- Peki bay James. Odanızda umarım kanepe vardır? Yoksa koltukta mı uyumalıyım?
- Merak etme odam çok geniş ve büyük şimdi oraya bir yatak aldırırım.
- Gerek yok efendim. Kanepe varsa bana yeter. Boş yere telaş yaptırmayalım.
*Hah hala çekiniyor sanırım. Yazık ben nereye düştüm diyordur kesin. Ama Steve haklıymış. Bu adamda bir çekicilik var. Konuşması aşırı... Heyy ben de ne diyorum böyle. Kendine gel James. İşine odaklan.
¬¬¬¬¬¬¬¬¬¬¬¬¬
James önde, Yu onun peşinde yatak odasına gelmişlerdi. James az bile söylemişti. Burası tek başına ev büyüklüğündeydi. Bir kaç kapının ardı kesin banyo, giyinme odası, aksesuar odasıydı. Kıyafetleri, saati, kemeri yüzüğü bir servet değerindeydi. İyi giyinmeyi sevdiği belliydi. Etrafına şaşkın şaşkın bakmak istemiyordu ama şaşkındı işte. James'in yatağının karşısında odanın tam ortasındaydı kanepe ve epey geniş ve ferah duruyordu. Belim ağrımayacak diye düşündü.
- Yanında pijaman filan hazır sanırım. Küçük valizini ve eşyalarını koymak için şu dolabı kullan lütfen. Ayrıca orada üstünü de değiştirebilirsin. Kimse seni görmez, rahatsız etmez. Banyo şurası. Şu bölmeden yastık, örtü alabilirsin. Önce sen duşunu al. Ben de bu arada bir görüşme yapacağım. Sonra yatabilirsin. Ben duş alıp yatarım sonra. Beni beklemene gerek yok.
- Peki teşekkür ederim. Ama alışkanlık siz yatmadan ben yatamam. Biraz kitap okurum bu arada ben de.
- Merak ettim ne okuyorsun. Sonra anlatırsın. Sen geç banyoya. Ben de telefonu bekletmemeliyim.
Yu banyoya girip duşunu almış, pijamalarını giymişti. Yıllardır yani üç yıldır aynı pijamayı giyiyordu. Hiç yanından ayırmıyordu onu. Birlikte oldukları günlerden kalmıştı bu pijama.
Aslında epeydir çıplak yatıyorlardı ama uyanınca pijamalar giyiliyordu. Her zaman ve hala onun kokusunu alıyordu. O koku hep onunlaydı. Mis gibi limon çiçeği.

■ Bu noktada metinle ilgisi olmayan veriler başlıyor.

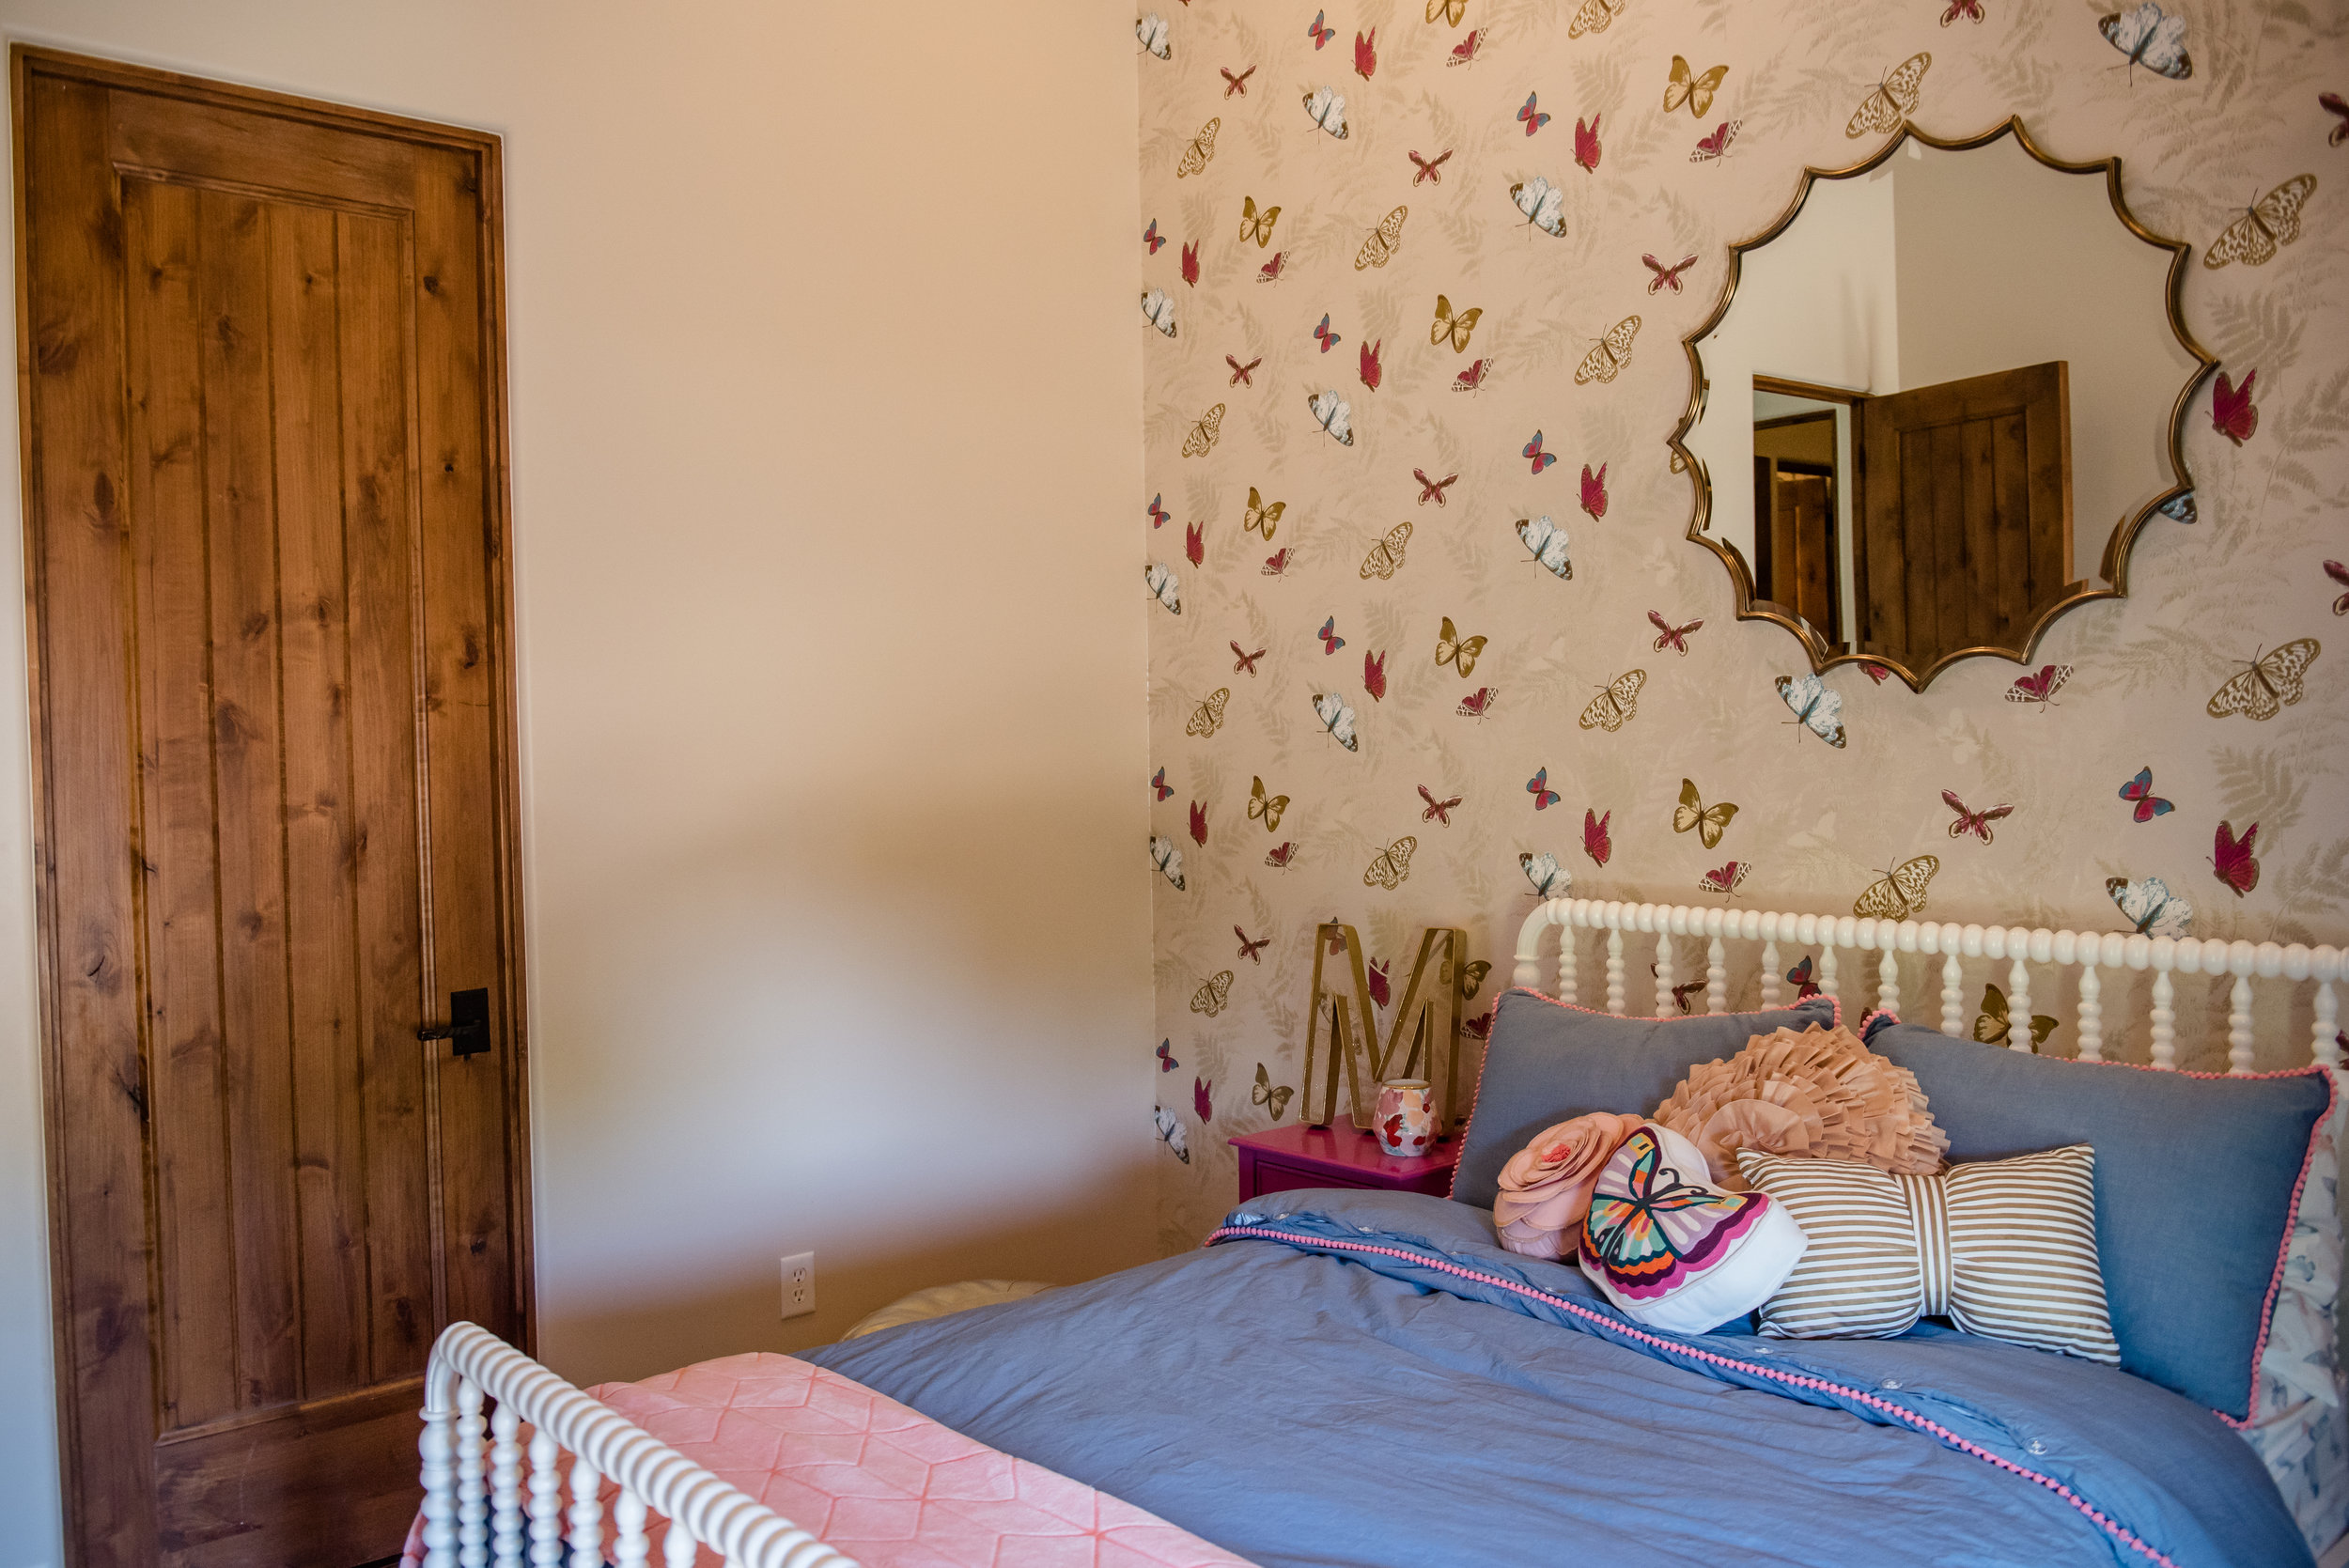 48+girlsroom+mirror+wallpaper+butterfly+bedding.jpg
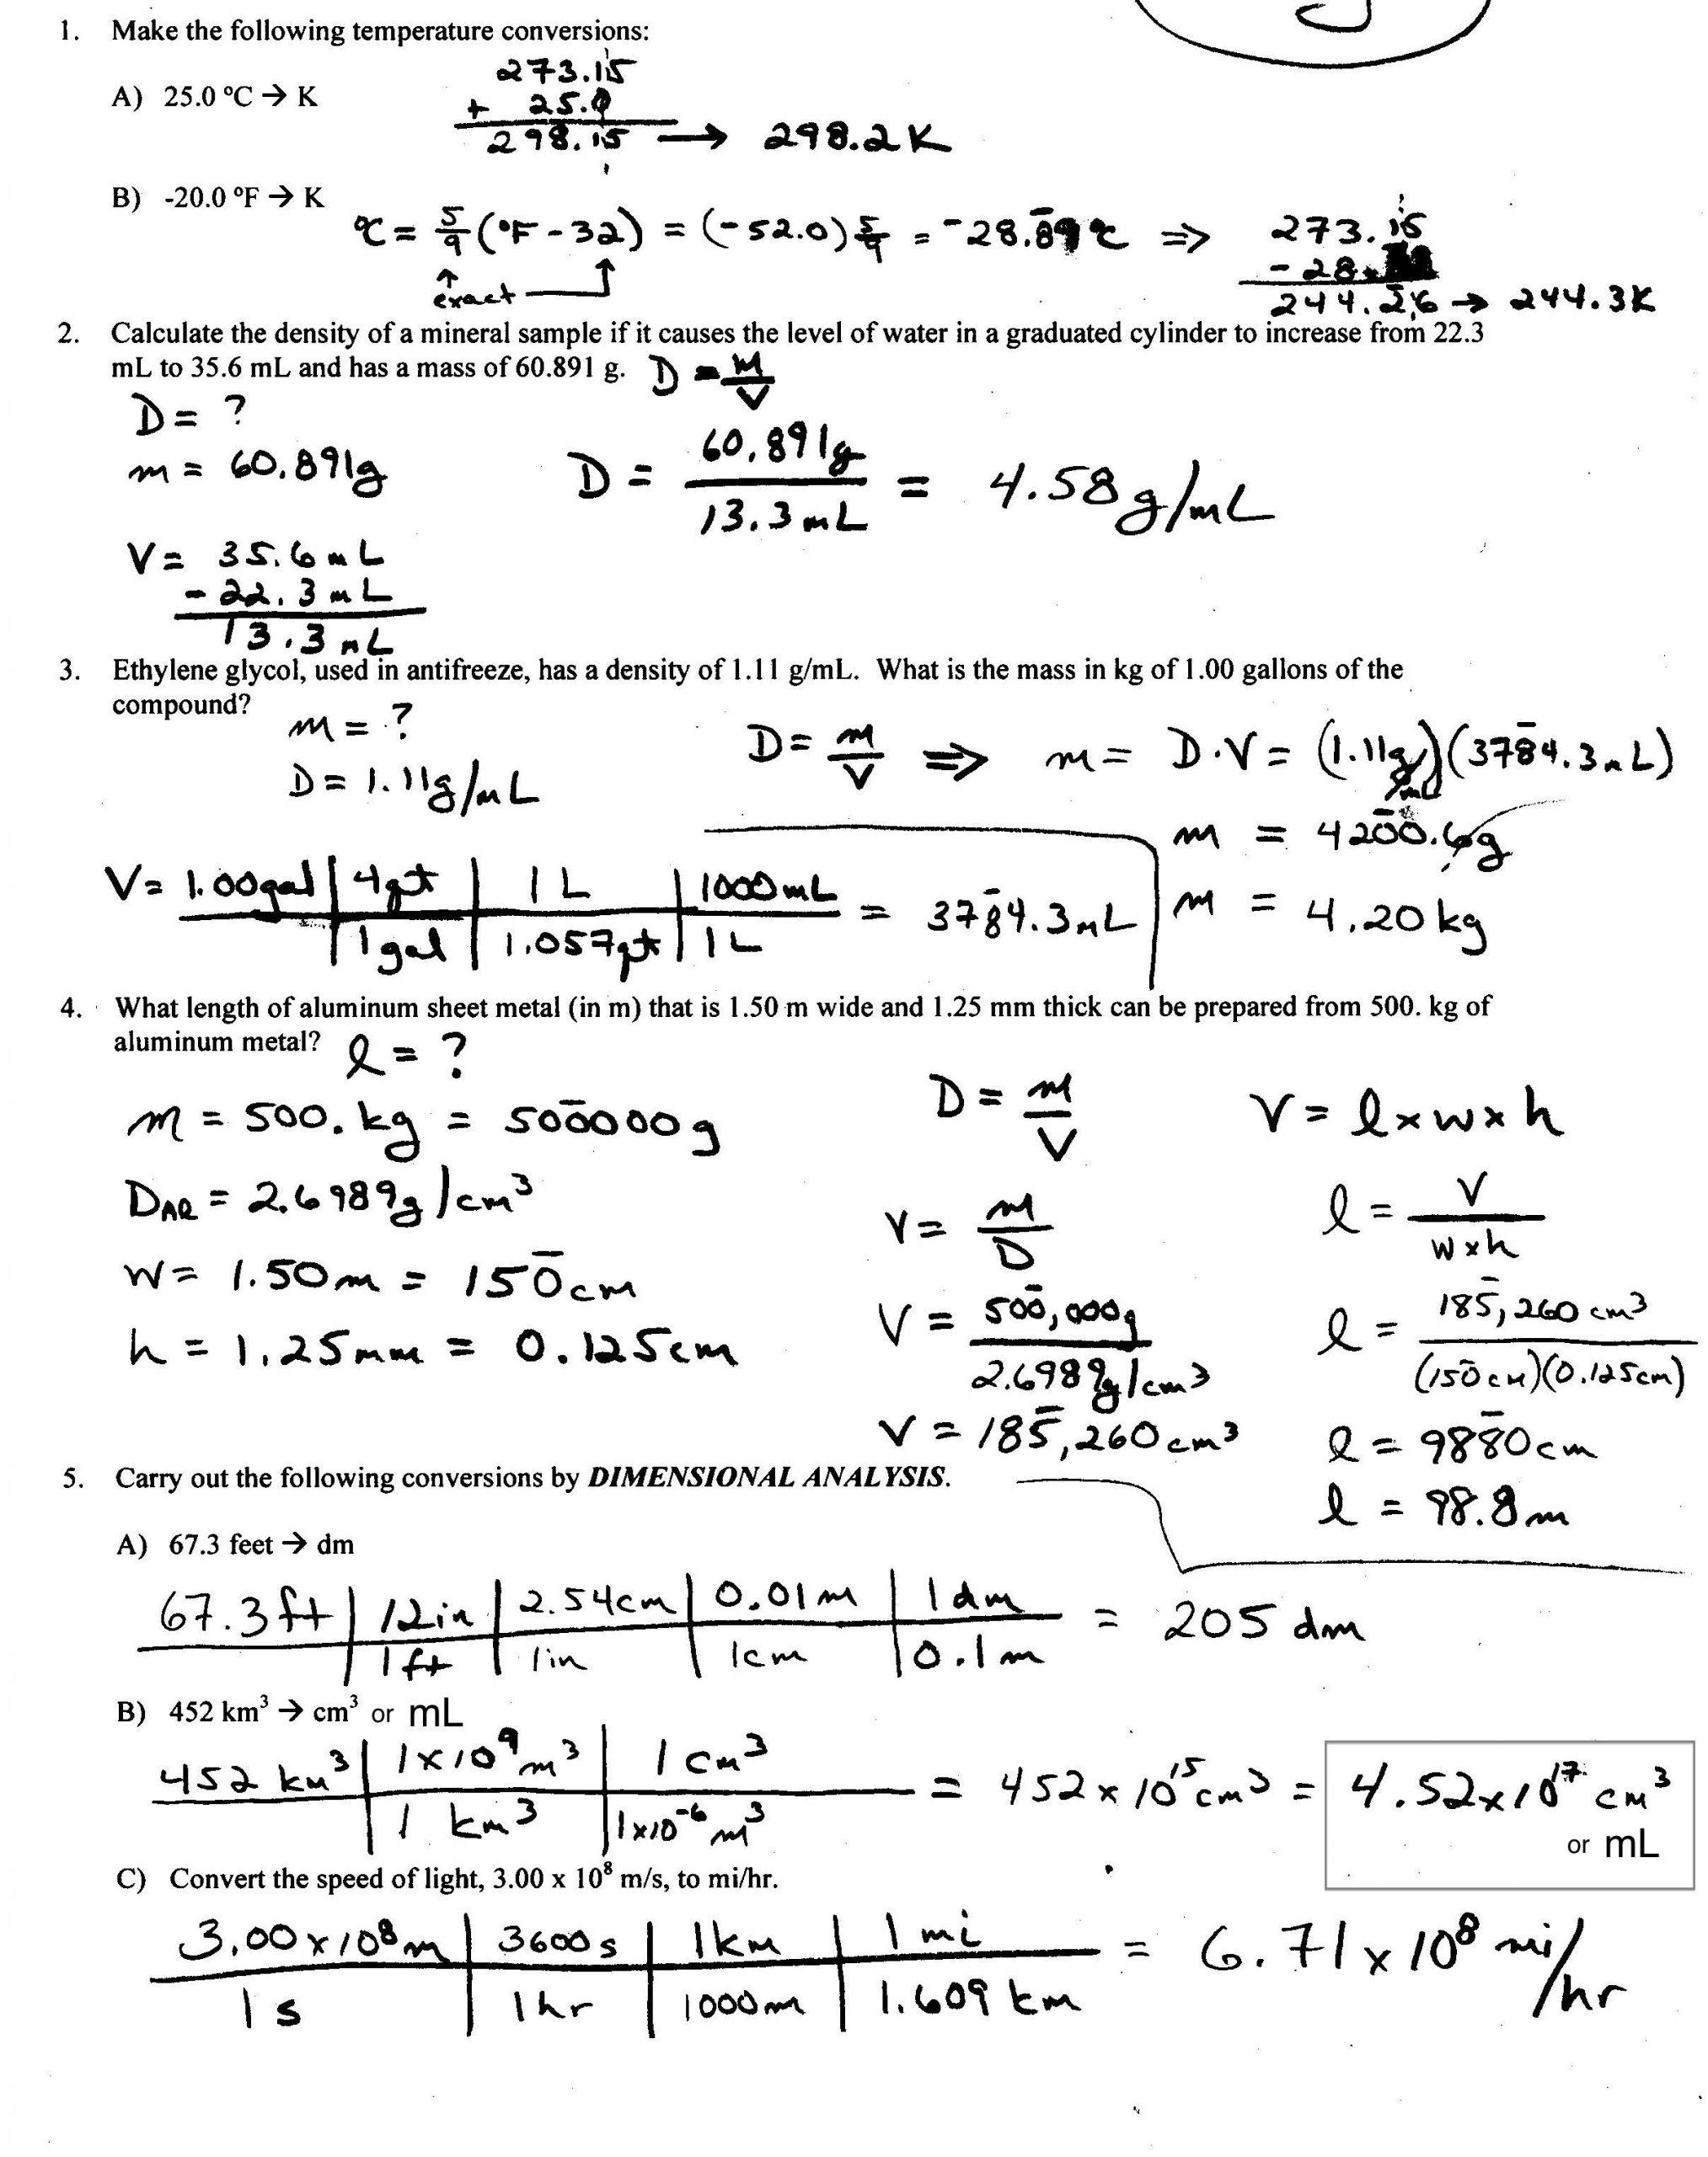 Density Worksheet Middle School Density Worksheet with Answers Calculate Density Worksheet

Ona hep limon bahçelerini hatırlatırdı. O parfümü birlikte seçmişlerdi. İkisi de aynı kokuyu kullanıyordu. Neredeyse yapışık ikizler gibi her şeyleri çiftti. O koku onunlaydı çünkü hala o parfümü kullanıyordu Yu.
Yu ismi bile tuhaf geliyordu kendine. O kadar alışmıştı ki onun Xian demesine, şimdi ondan kopmuş gibi hissediyordu. Her şey bitince başka bir isim almak zorundaydı. Xian ismi sonsuza dek kaybolacaktı. Sean ismi de tarihe karışacaktı. Zaten onun bir ismi vardı. Anne ve babası koymuştu ona bu ismi. Oysa onun adı hiç olmamıştı. Kimse de arayıp sormayınca öylesine bir isim vermişlerdi. Şimdi o da tarihe karışmıştı.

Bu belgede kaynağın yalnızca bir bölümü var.